Exercise description:
Restate exactly the lines below, from the one containing "טרוריסטים (צילום: פלאש 90)" through the final line, and leave out the pictures.

Data below:

============

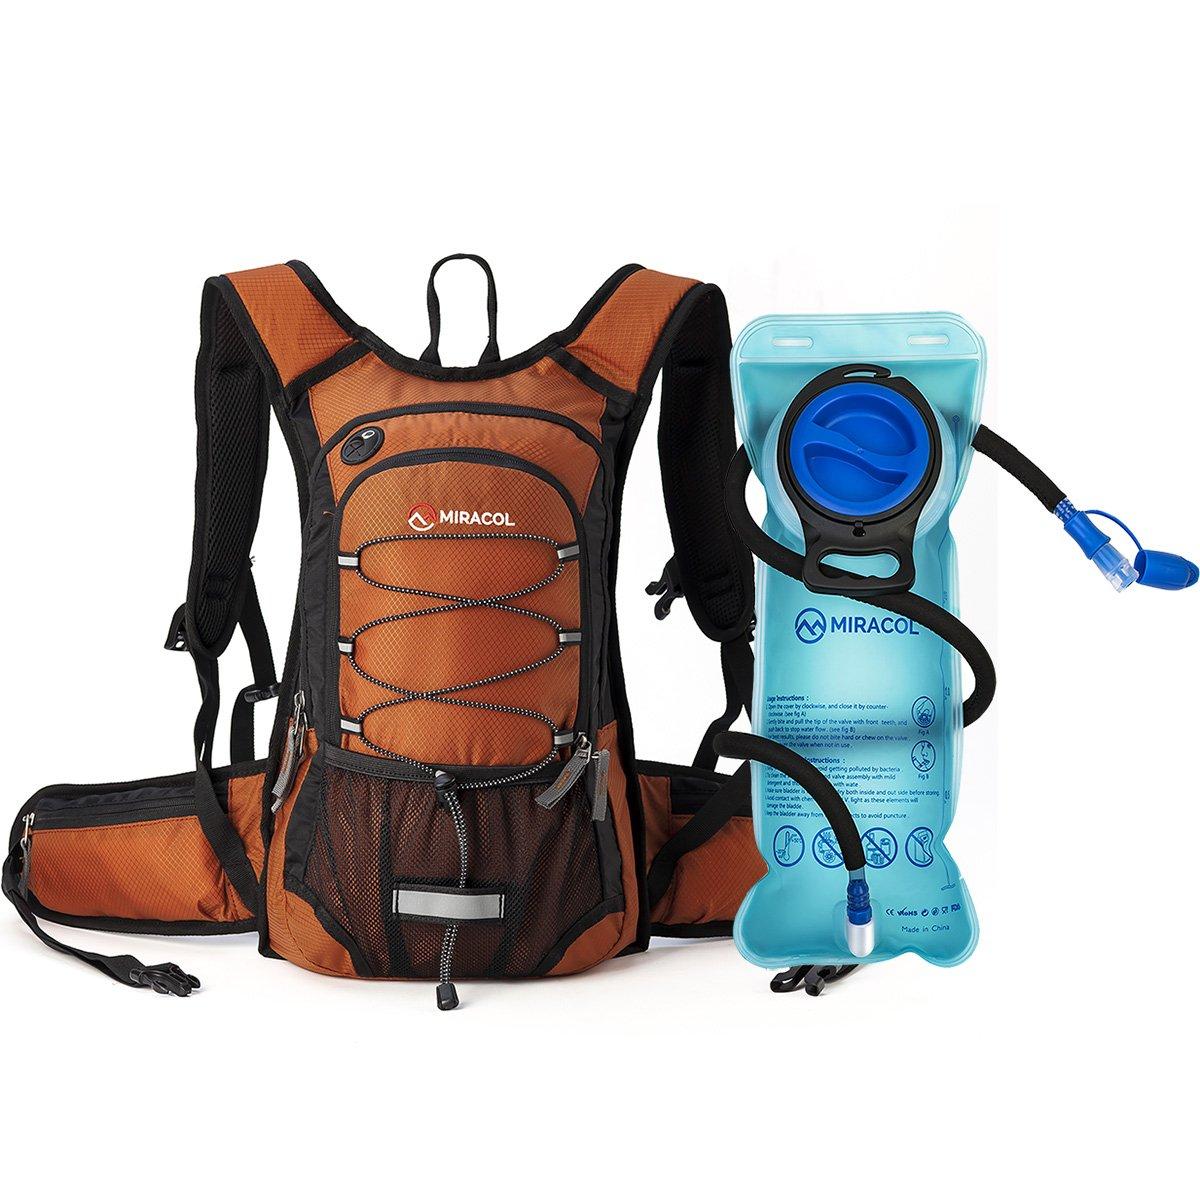 Miracol Mochila de hidratación con bolsa de agua de 2 litros - Paquete de aislamiento térmico
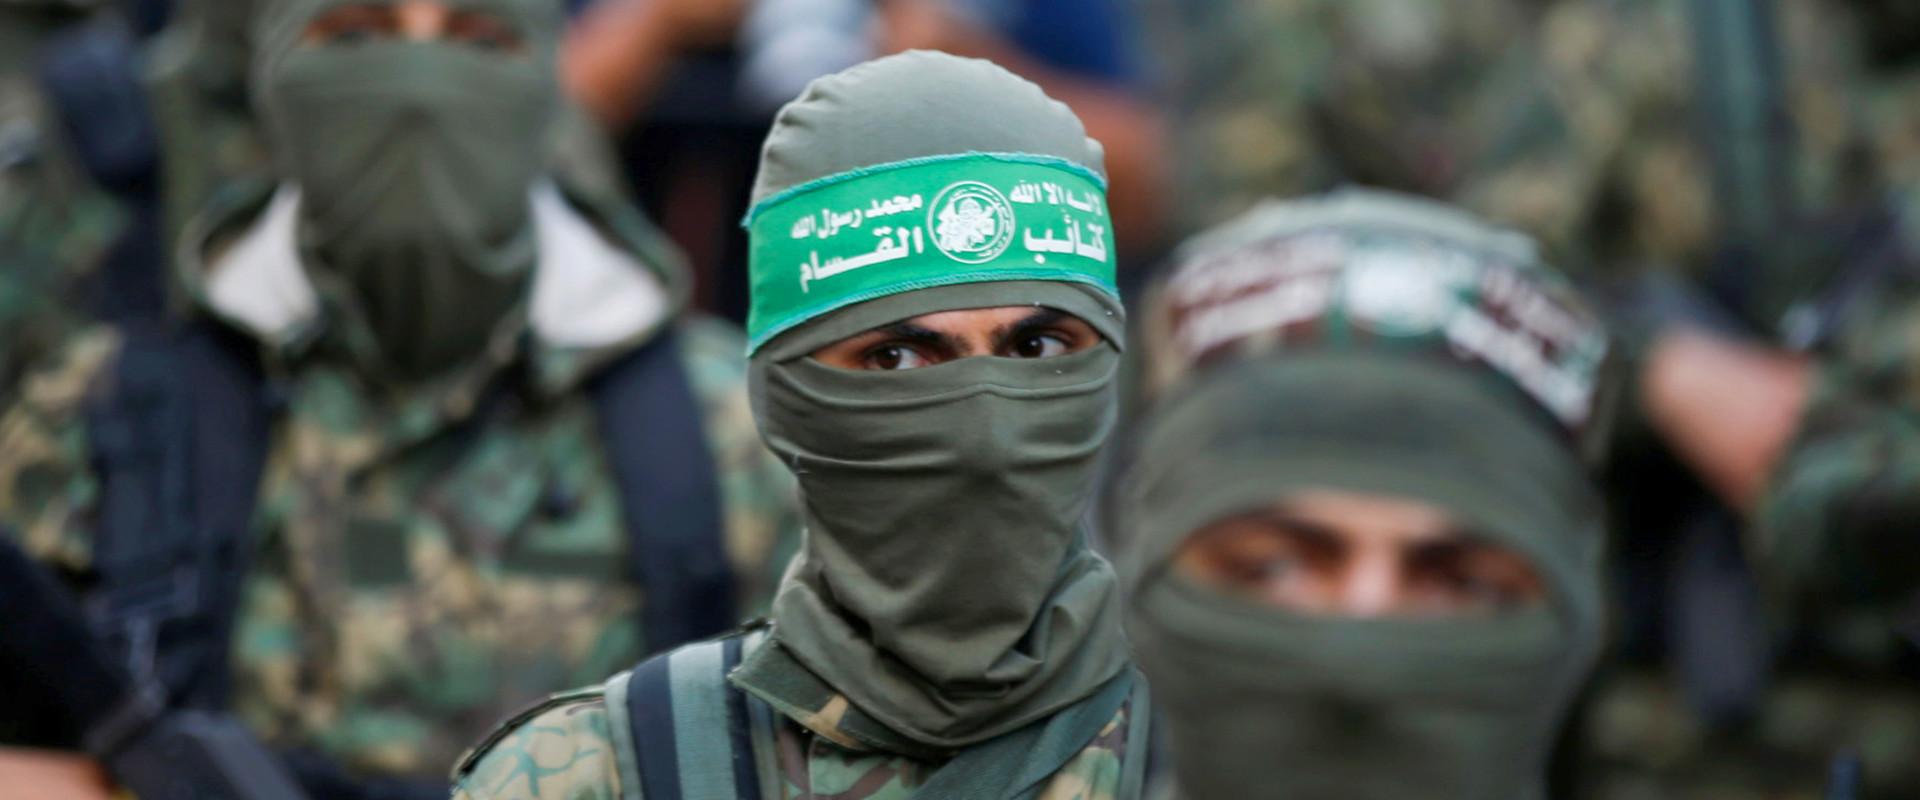 טרוריסטים (צילום: פלאש 90)
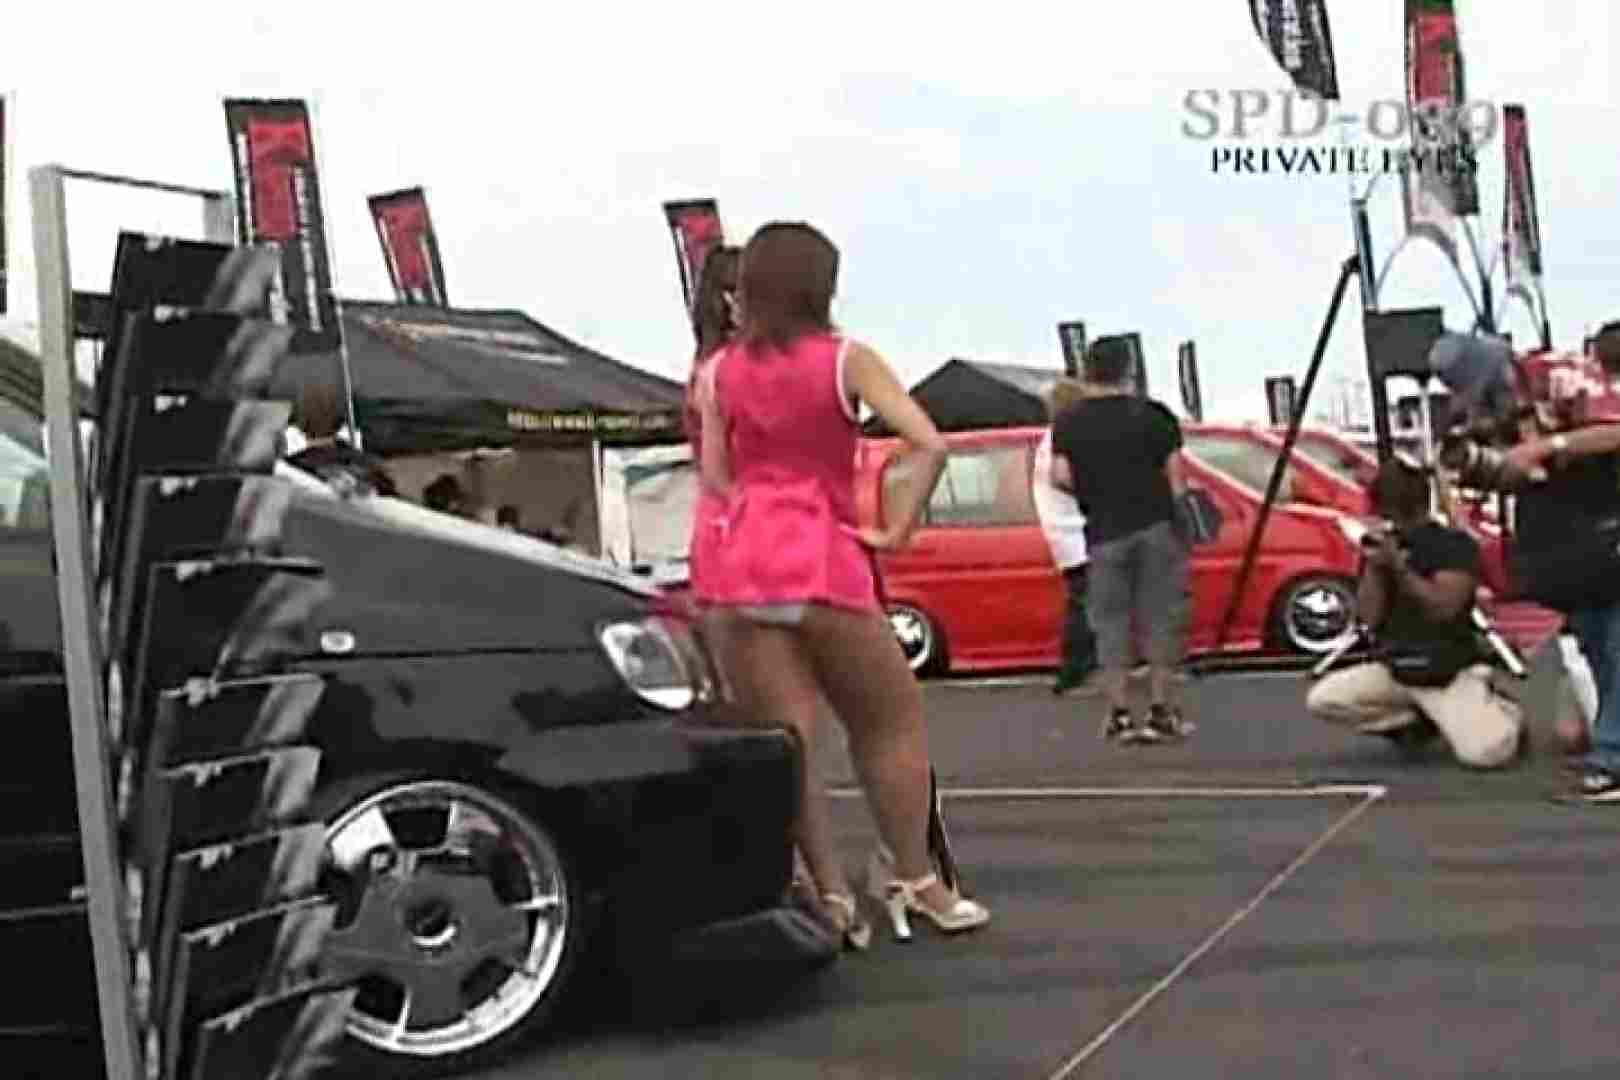 高画質版!SPD-039 ザ・コンパニオン 2001 ワゴンカーフェスティバル 高画質  25連発 10

============

Solution for this task:
 טרוריסטים (צילום: פלאש 90)
 高画質版!SPD-039 ザ・コンパニオン 2001 ワゴンカーフェスティバル 高画質  25連発 10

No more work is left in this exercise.